Александр Иличевский
Дизайнер обложки Лия Барац-Аруш
© Арье Барац, 2024
© Лия Барац-Аруш, дизайн обложки, 2024
ISBN 978-5-0053-2786-4
Создано в интеллектуальной издательской системе Ridero
В традиционном романе исторический фон покоится, подобно декорациям театральной сцены; зато герои пребывают в движении. У Бараца же всё обстоит ровно наоборот: реальны и статичны хорошо известные читателям персонажи (Пушкин, Шеллинг, Дантес, Чаадаев, Гоголь и проч. – вплоть до о. Александра Меня и публициста Дова Конторера), в то время как историческое пространство мировой культуры препарируется, сжимается в комок и расправляется заново уже в ином, структурированном волею автора виде. Это не «романы людей», но «романы идей»,
Алекс Тарн
Предисловие автора
В 1993 году я издал книгу «Лики Торы». Комментарии к Пятикнижию переплетались в ней с автобиографическими заметками – с историей моих религиозных исканий.
В 1995 году, через два года после публикации книги, я обратил внимание на то, что одно событие моей жизни, не упомянутое в «Ликах Торы», обладает неожиданным загадочным значением.
Дело было так: весной 1988 года я посетил дом, известный по роману «Мастер и Маргарита» как дом «302-бис», где испытал исключительное в своем роде переживание, повлиявшее на всю мою дальнейшую жизнь.
По свежим следам я достаточно подробно записал детали того визита, однако в «Лики Торы» записей этих не включил, так как никакой смысловой нагрузки в необычных «декорациях» того события не заметил. Просто пикантность.
Но вот, семь лет спустя я перечитал «Мастера и Маргариту» и, сопоставив детали описанного Булгаковым «весеннего бала полнолуния» с собственными записями, крепко призадумался.

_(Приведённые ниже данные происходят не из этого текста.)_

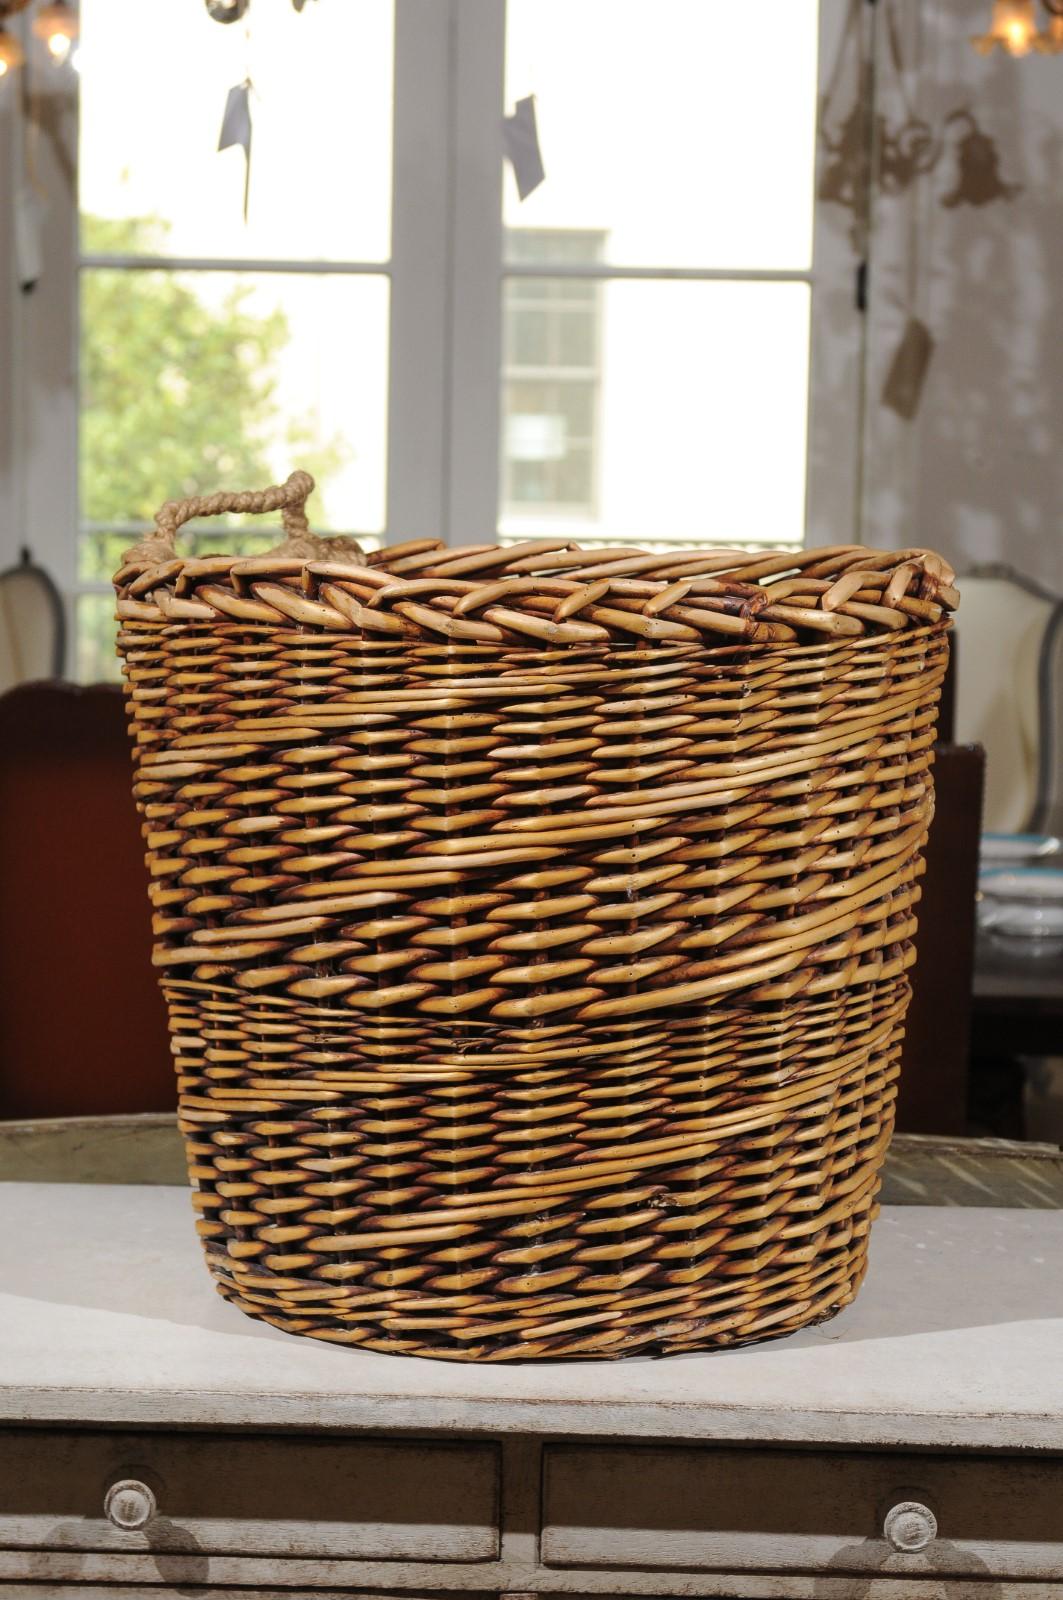 Rustic French Wicker Basket with Single Lateral Handle and Diagonal Patterns 6

Я обнаружил ряд календарных нюансов, позволяющих усмотреть в дате моего визита код доступа в некую фантастическую религиозную систему. Я разглядел в «Мастере и Маргарите» литературную мистификацию, выявляющую весьма редкие «звездные» годы. Все эти годы не были богаты собственно «историческими» событиями, но, как оказалось, их легко можно было связать с основными литературно-философскими прорывами последних восьми столетий!
С той поры я не раз пытался как-то осмыслить и наглядно представить открывшуюся моему взору закулисную лабораторию.
Прежде всего, я основательно расширил и переработал «Лики Торы», введя туда соответствующую «булгаковскую линию». Последняя версия этой переработки, названная мною «Сверхновое время», была завершена в 2013 году. Но, как и предыдущие варианты, она получилась слишком мудрёной, чтобы привлечь широкого читателя, и я не спешил с ее публикацией.
Такого рода идеи нуждались в художественном оформлении, нуждались не столько в теоретическом, сколько в литературном раскрытии.
Лишь через 20 лет после своей находки, в 2015 году, я, наконец, решился. Я стал наводить справки о разбросанных в веках литераторах, я стал снаряжать их в дорогу. Всплыли неведомые мне до той поры имена, и из множества «надерганных по нитке» хаотических деталей как-то сам собой соткался роман, с одной стороны выявляющий мистическое измерение европейской литературы, а с другой – позволяющий усмотреть в ней неожиданный религиозный смысл.
Мне оставалось лишь слегка расцветить воображением реальные истории из Жизни Замечательных Людей и прочертить пересечение их судеб.
Нашла свое место и моя автобиографическая повесть, а исток всей этой грандиозной интриги невольно усмотрелся в евангельской (неведомо кем подслушанной) беседе Йешуа с дьяволом.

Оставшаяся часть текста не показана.